Brian Santiago is an American college athletics administrator and former college basketball player. He is the athletic director at Brigham Young University, a position he has held since 2025. Santiago played college basketball for Fresno State University.

==Early life and education==
Santiago graduated in 1988 from Provo High School in Provo, Utah, where he was an all-state player on the 1987 state championship basketball team. He played both basketball and baseball at Utah Valley University, earning All-Conference and All-Region honors in both sports. He then transferred to Fresno State, where he led the Western Athletic Conference in assists and three-point shooting percentage, finishing second nationally in three-point percentage at 50%.

After college, he played professionally for three years with the Arecibo Capitanes in Puerto Rico's Superior Basketball League and was named to the Puerto Rico national team’s pre-selection Olympic roster.

Santiago earned an A.S. in accounting from Utah Valley University, a B.S. in business administration with an emphasis in international business from Fresno State University in 1995, and an MBA from BYU's Marriott School of Management in 2001.

==Career==
Santiago joined BYU's athletic department in 1997 as a member of the men's basketball coaching staff under head coach Steve Cleveland. In 2001, he transitioned into an administrative role. He was promoted to senior associate athletic director in 2008 and later served as deputy athletic director beginning in 2017.

In May 2025, Santiago was appointed as the university's new athletic director, succeeding Tom Holmoe. His appointment followed a national search led by BYU president C. Shane Reese, who reportedly interviewed over 50 candidates.

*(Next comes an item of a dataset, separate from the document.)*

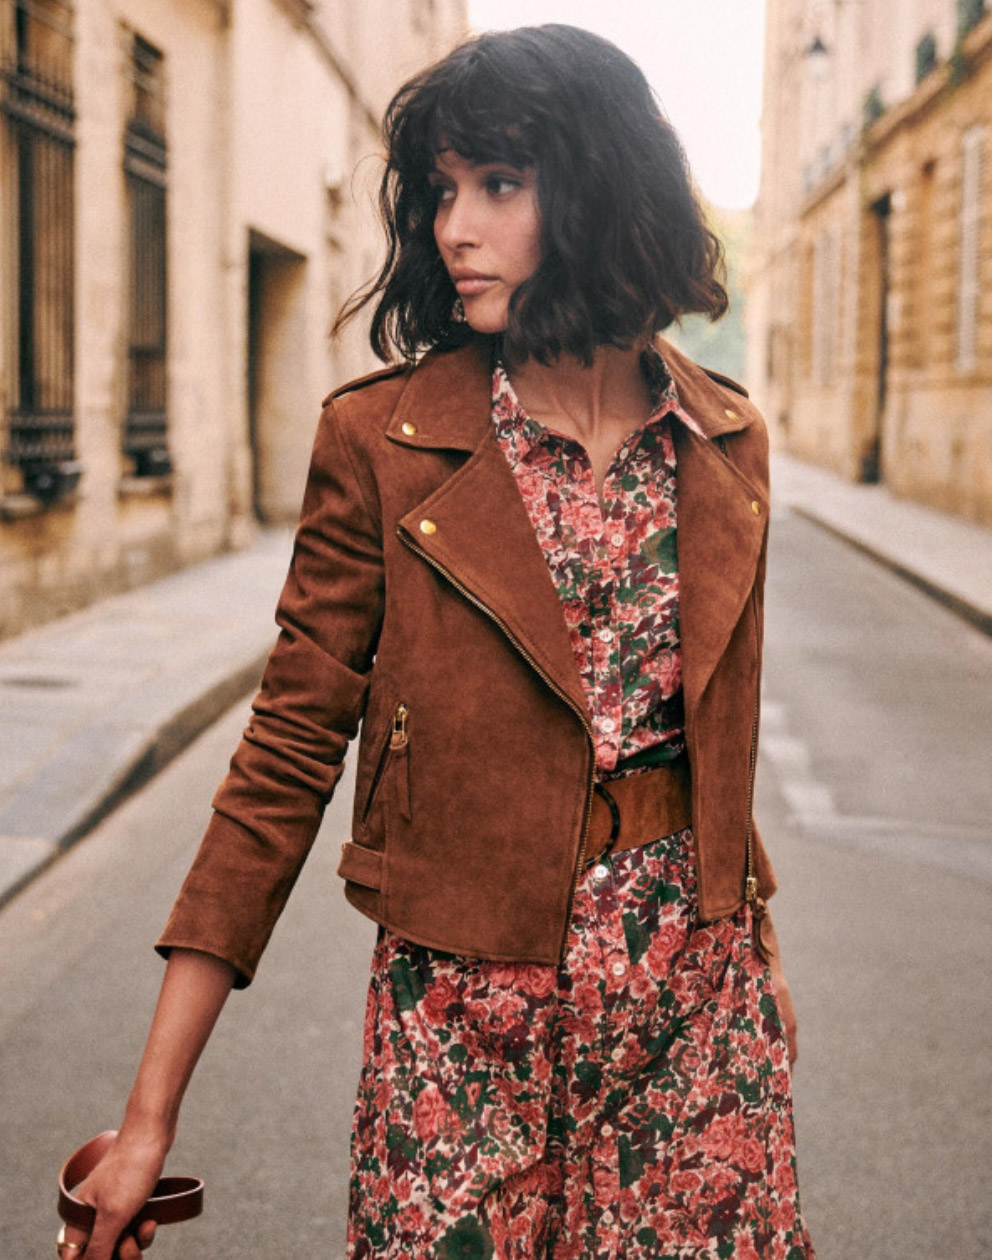 The woman biker jacket is a French staple: timeless and effortless chic! Selection of the best premium leather jacket at an affordable price - Sezane brown leather jacket

On August 27, 2026, BYU announced that Santiago was removed from the chain of command for BYU football, with the BYU head football coach, Kalani Sitake, reporting directly to a university vice president instead of Santiago. This followed several weeks of reported friction between Santiago and Sitake.

==Personal life==
Santiago served a mission for The Church of Jesus Christ of Latter-day Saints in the Dominican Republic. He is married to the former Kimberly Blackburn.